Writing is cathartic and nothing you should apologize for.
 
Had same conversation for the umpteenth time. But why would you want to be edged and denied and tasked.? Just come a lot have fun.... except that's not what happens. Well I hope it works out for you. I've been fortunate to find a demanding online Domme who is angel.....with very bad side !
 
Valuable insight. My lovely D has been training me. Throughout that process I'm learning that service and sometimes the suffering imposed by that service is worth more than 'my' needs. When I please her thru executing her commands flawlessly there might be a reward at the end. If that please her.
However if a person is in r.ship where they are the only participant I fail to see how serving more awakens a deeper r.ship.
I'd like to think my selflessness with my spouse is done just to please. We are close, but sexual contact is no longer an interest. Even attempting to spice things up is met with 'meh'.
 
She says how it could be fun. She'll even say ok let's do it. I get all excited that it finally is going to happen, but then it doesn't. It's really difficult to be so vulnerable with the one you love and express things that have been buried internally for so long. So when she agrees that it could be fun it's a bit of weight lifted up.

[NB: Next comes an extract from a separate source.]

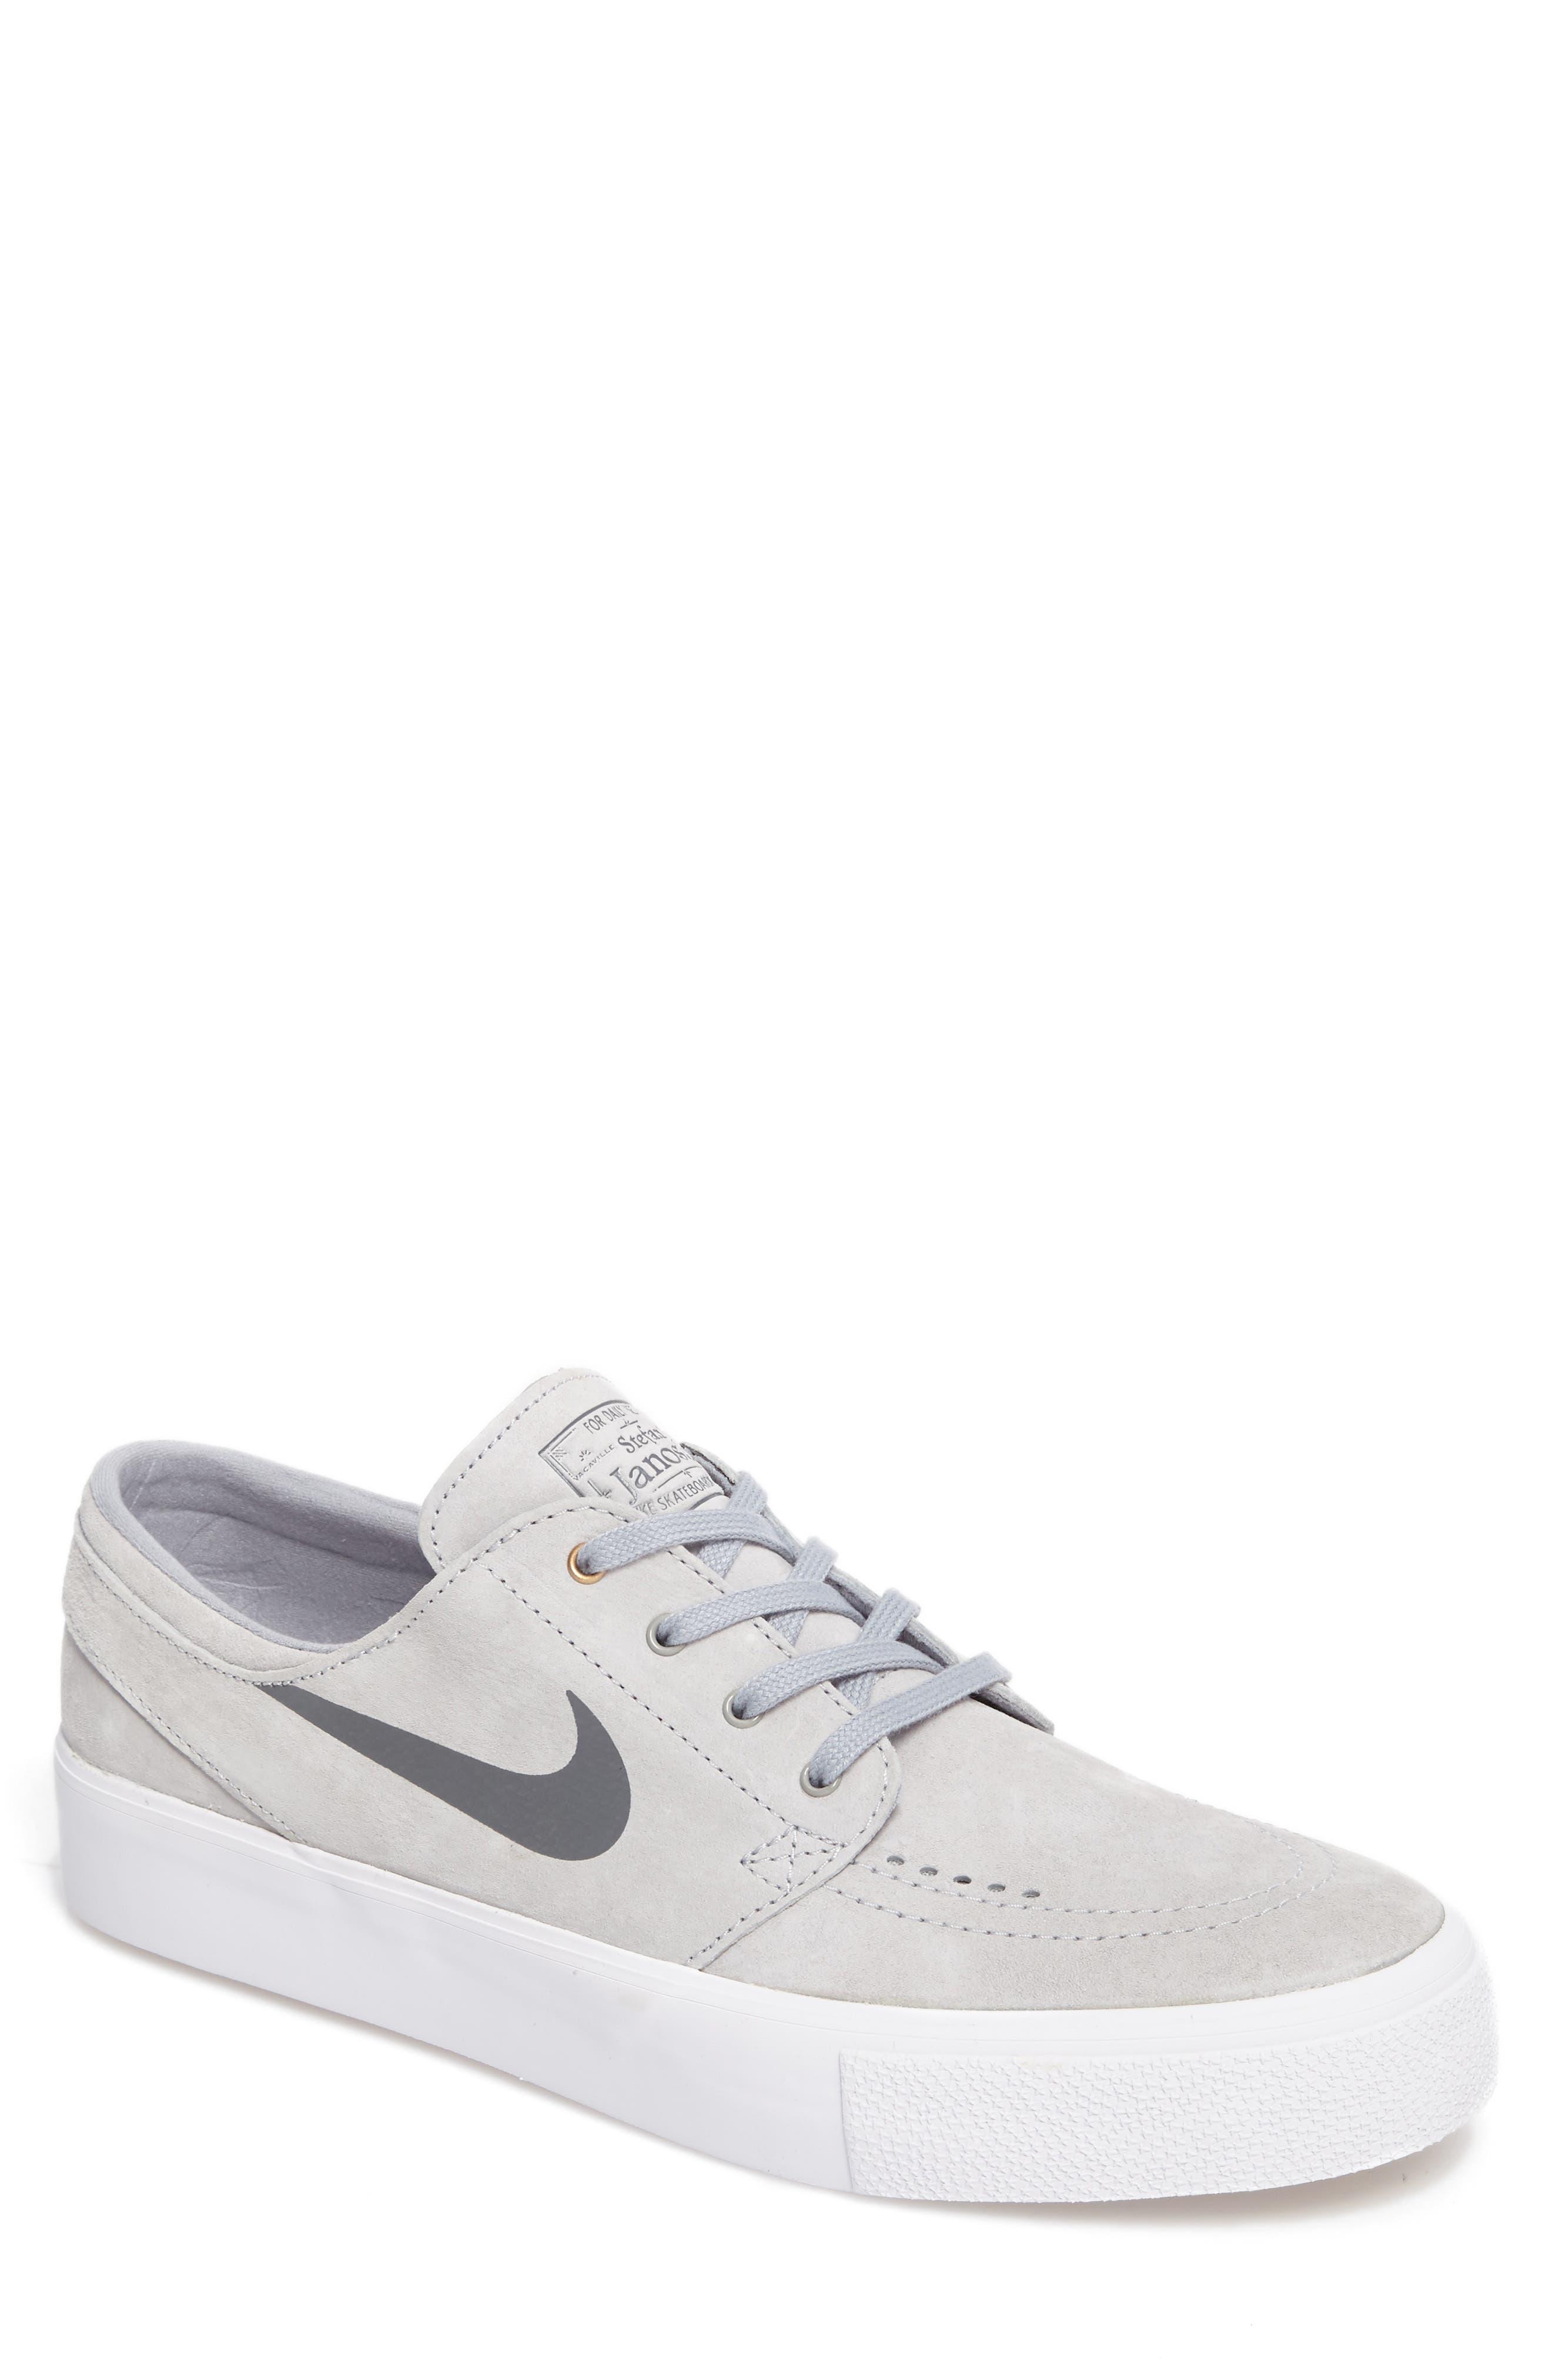 Main Image - Nike Zoom Stefan Janoski Premium Skate Sneaker (Men)

But when the actions don't follow the conversation it leads me into a depression.

To me, this seems like someone who knows how hard it must be to open up and be vulnerable and cares about not hurting your feelings. That doesn’t mean that it is what she wants for herself or that she has any real interest in it.
Not everyone wants to run the show and
”be the driver”. Not even those who seem to do just that in everyday life, are necessarily into doing it sexually.